When I purchased my home in 10/2017, I decided to do some small renovations. One of the renovations was ripping out the builders grade gas fireplace ( do not know the brand) and replacing with a Enviro C34 Linear fireplace.

The fireplace was installed, the wall was covered with stone (almost identical as what is pictured on the enviro website). I turned it on a few times just to make sure it worked and that was that. The renovations were ongoing through out the winter so I did not really turn on the fireplace at all. I remember after it was installed there was a scent and the installer told me its normal and will go away.

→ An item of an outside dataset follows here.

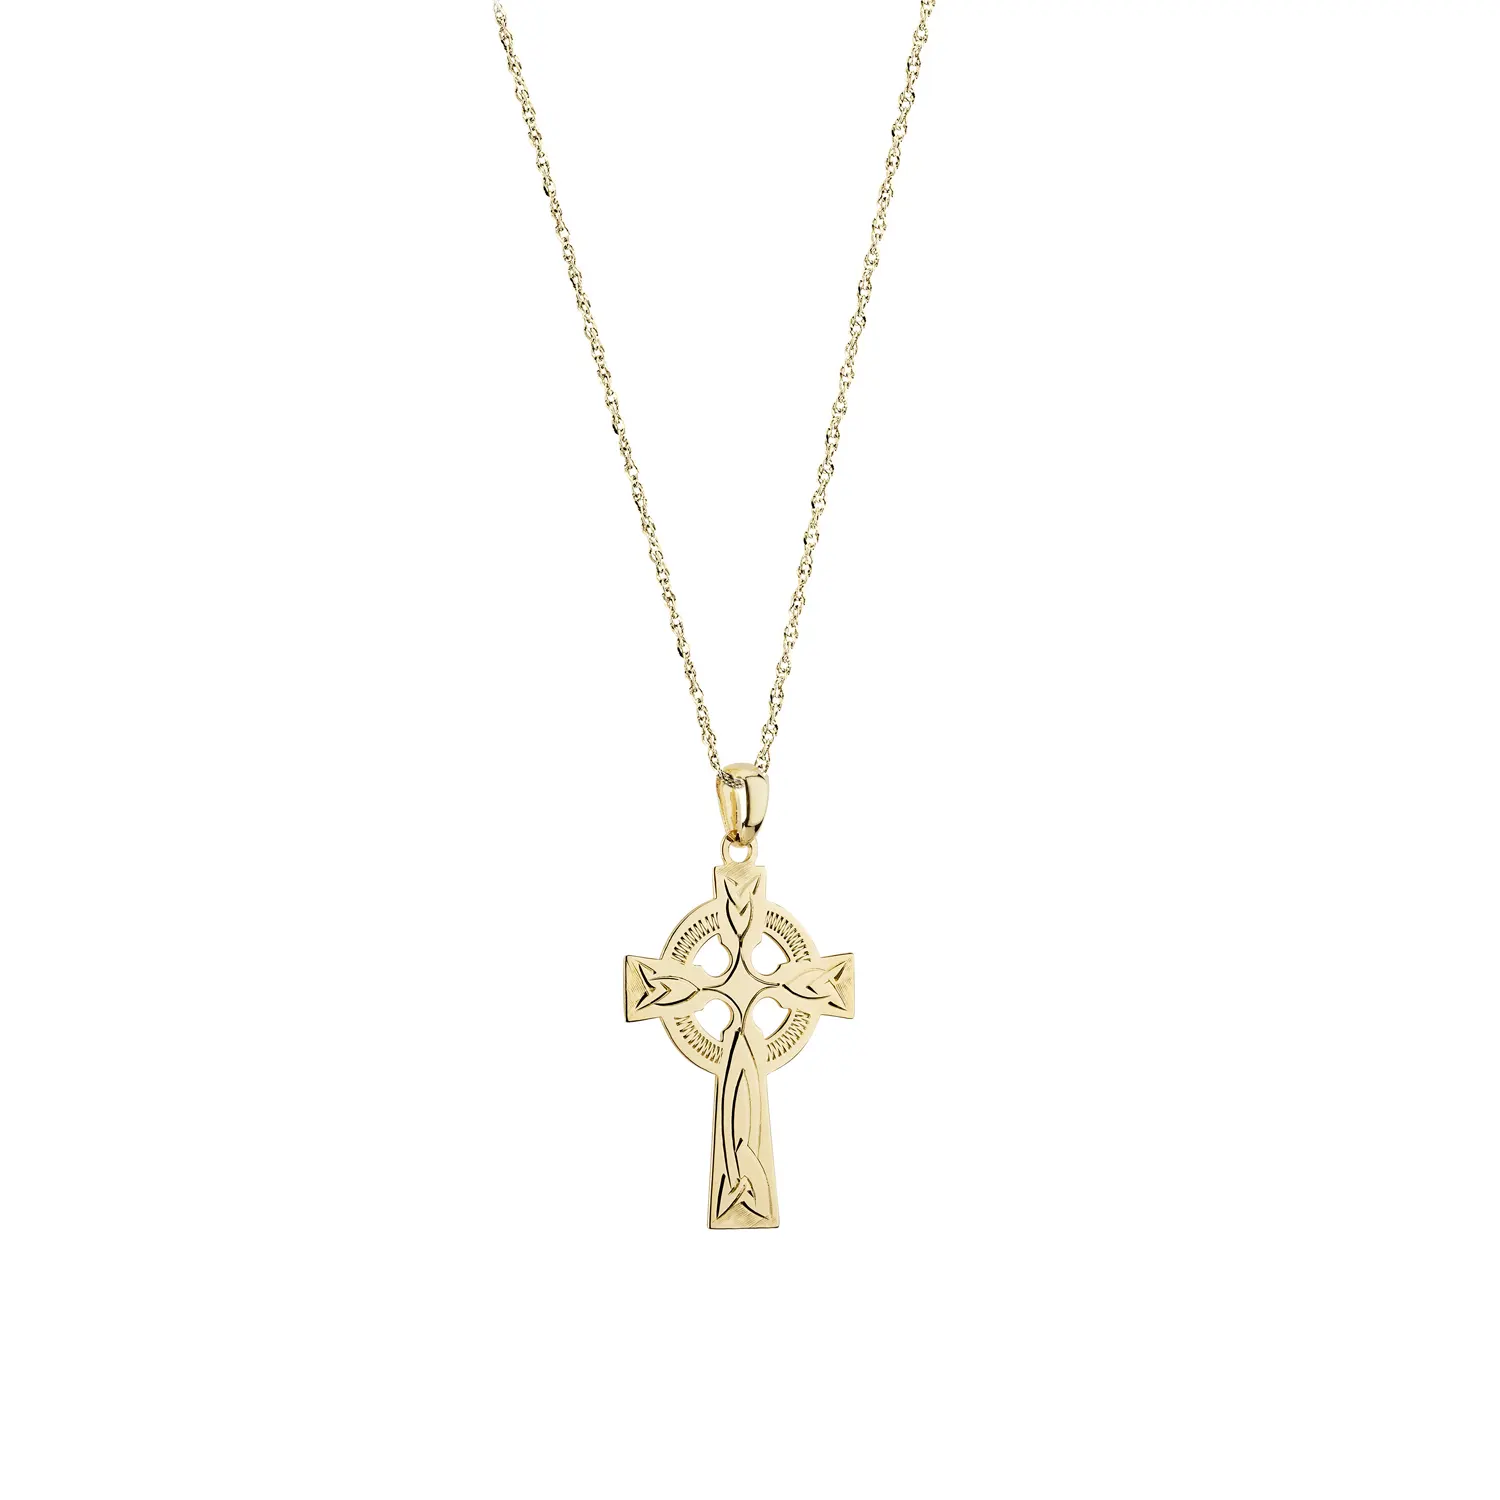 9ct. Yellow Gold Engraved Celtic Cross Necklace

When installing the new fireplace, ( my previous fireplace had vent pipping running all the way to the top of the chimney) the installer told me it would be better for the flame if instead of running it all the way to the top like before, to make the vent go out the side of the chimney to the side of the house. That side of the house is not really seen and that is where all my AC units and generator is so It did not matter to me.
So, he covered the old hole running to the top of the chimney with insulation and a board, and ran the new Enviro fireplace out of the side.

Before the beginning of this current winter (maybe Septemberish) I tried to turn on the fireplace and there was some issues and fireplace would not liight. Called dealer he ordered some parts, million years later they came in and were installed last month. 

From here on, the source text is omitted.